ただし、他社の社名が広く知れ渡っていると、商標登録を受けることができません(商標法第4条第1項10号)。ここで、広く知れ渡っているとは、全国に知れ渡っている必要はなく取引者間で広く知れ渡っている場合も含むと解されています。
事業内容が被っていない
その他社が商標を出願しておらず事業内容も被っていない場合でも、登録が拒絶される可能性もあります。その会社名があまりに有名であるがゆえに、事業内容が被っていなくてもその会社の関連会社であると誤認を与える可能性がある場合には、登録を受けることができません(商標法第4条第1項15号)。

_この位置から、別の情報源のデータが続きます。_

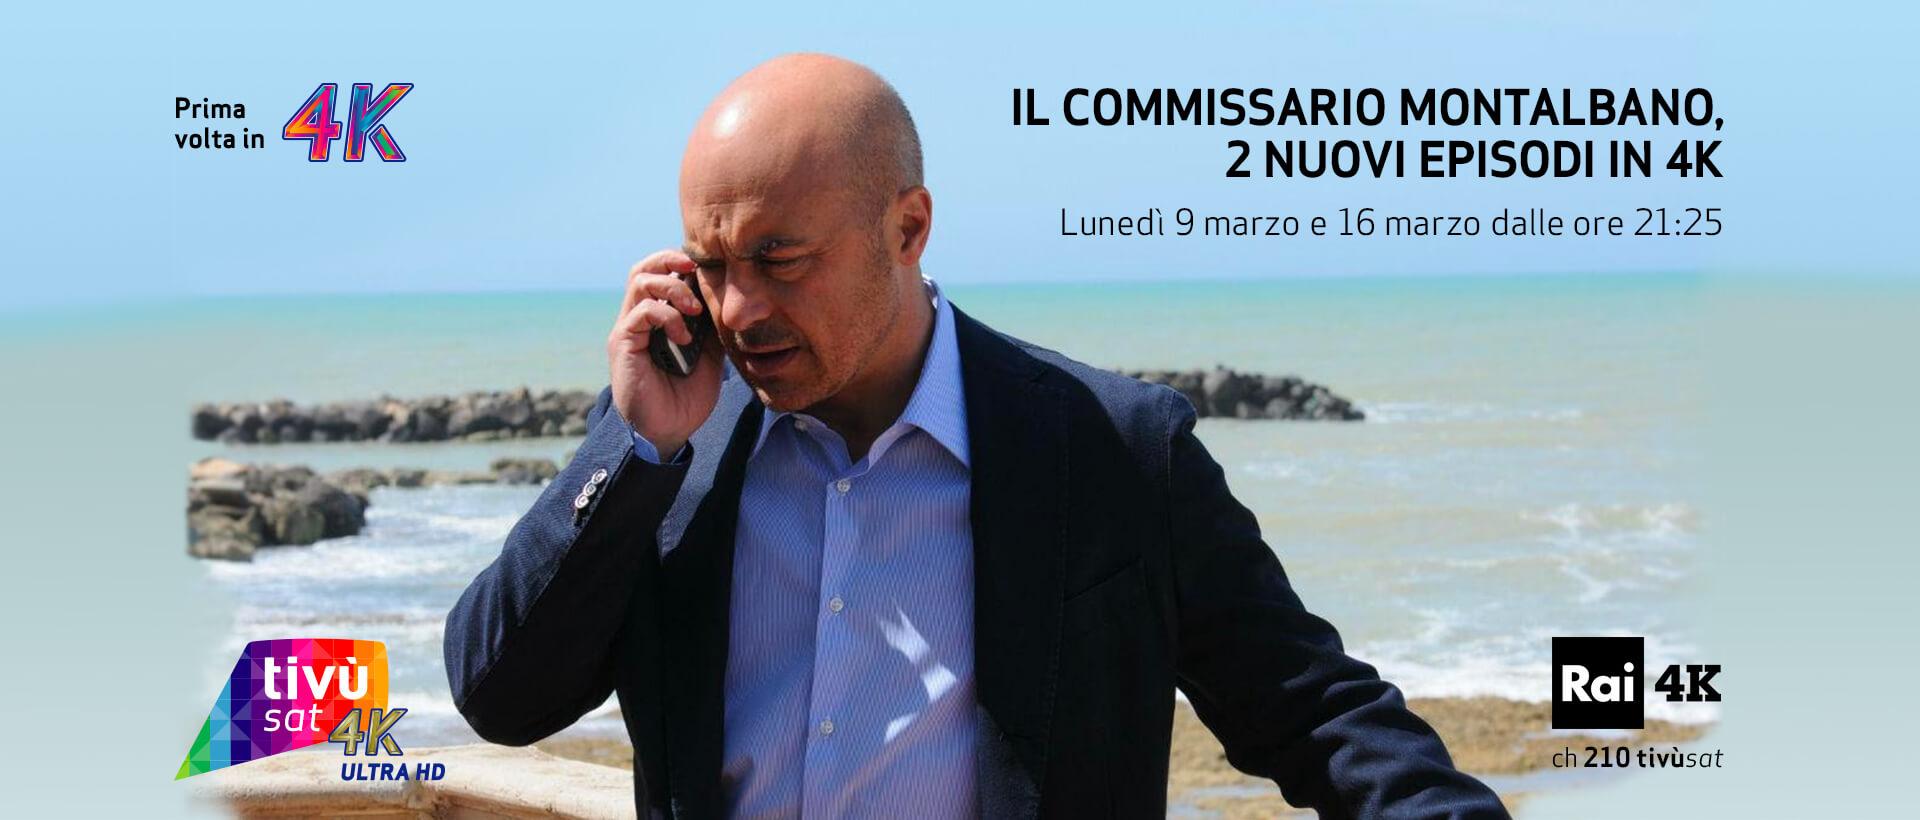 Il Commissario Montalbano, due nuovi episodi su Rai 1 (anche in 4K su Tivùsat)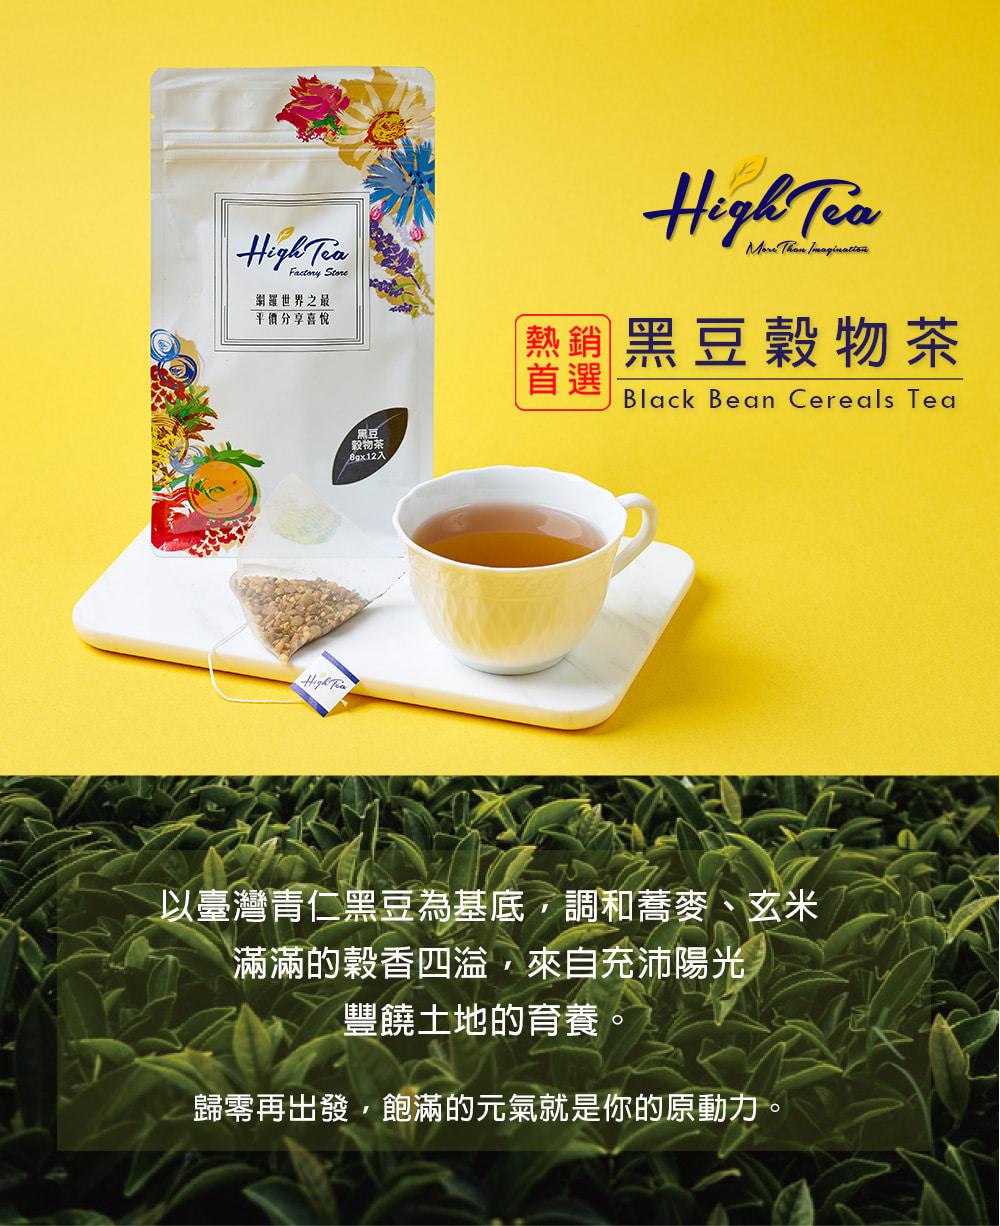 黑豆穀物茶,以臺灣青仁黑豆為基底,調和蕎麥、玄米,滿滿的穀香四溢,來自充沛陽光、豐饒土地的育養。 歸零再出發,飽滿的元氣就是你的原動力。

例えば、ラーメンの麺について会社Aが商標Aを取得していてその麺が非常に有名であったとき、ラーメンの店舗で商標Aと表記すると一般人は会社Aのラーメン店であると誤解する可能性があります。このような誤解を生む可能性があるほど商標Aが有名である場合には、登録されません。
その他のリスク
商標は、原則として先に出願したほうが登録されるため、たとえ相手方の会社のほうが創業が先であっても商標自体は取得することが可能です。
ただし、最近話題となっているティラミスヒーローのように、外国の有名な商標を日本で先に出願して権利化を図っておくことは法律上は可能ですが、後々に一般消費者から問題として話題に上がりビジネス上大きなマイナス要素となるリスクがあります。
なお、不正の目的を持った外国の著名な商標は法律上は登録されないと規定されていますが、「不正の目的」が要件となっているため、適用されるケースはあまり多くないと思われます(商標法第4条第1項19号)。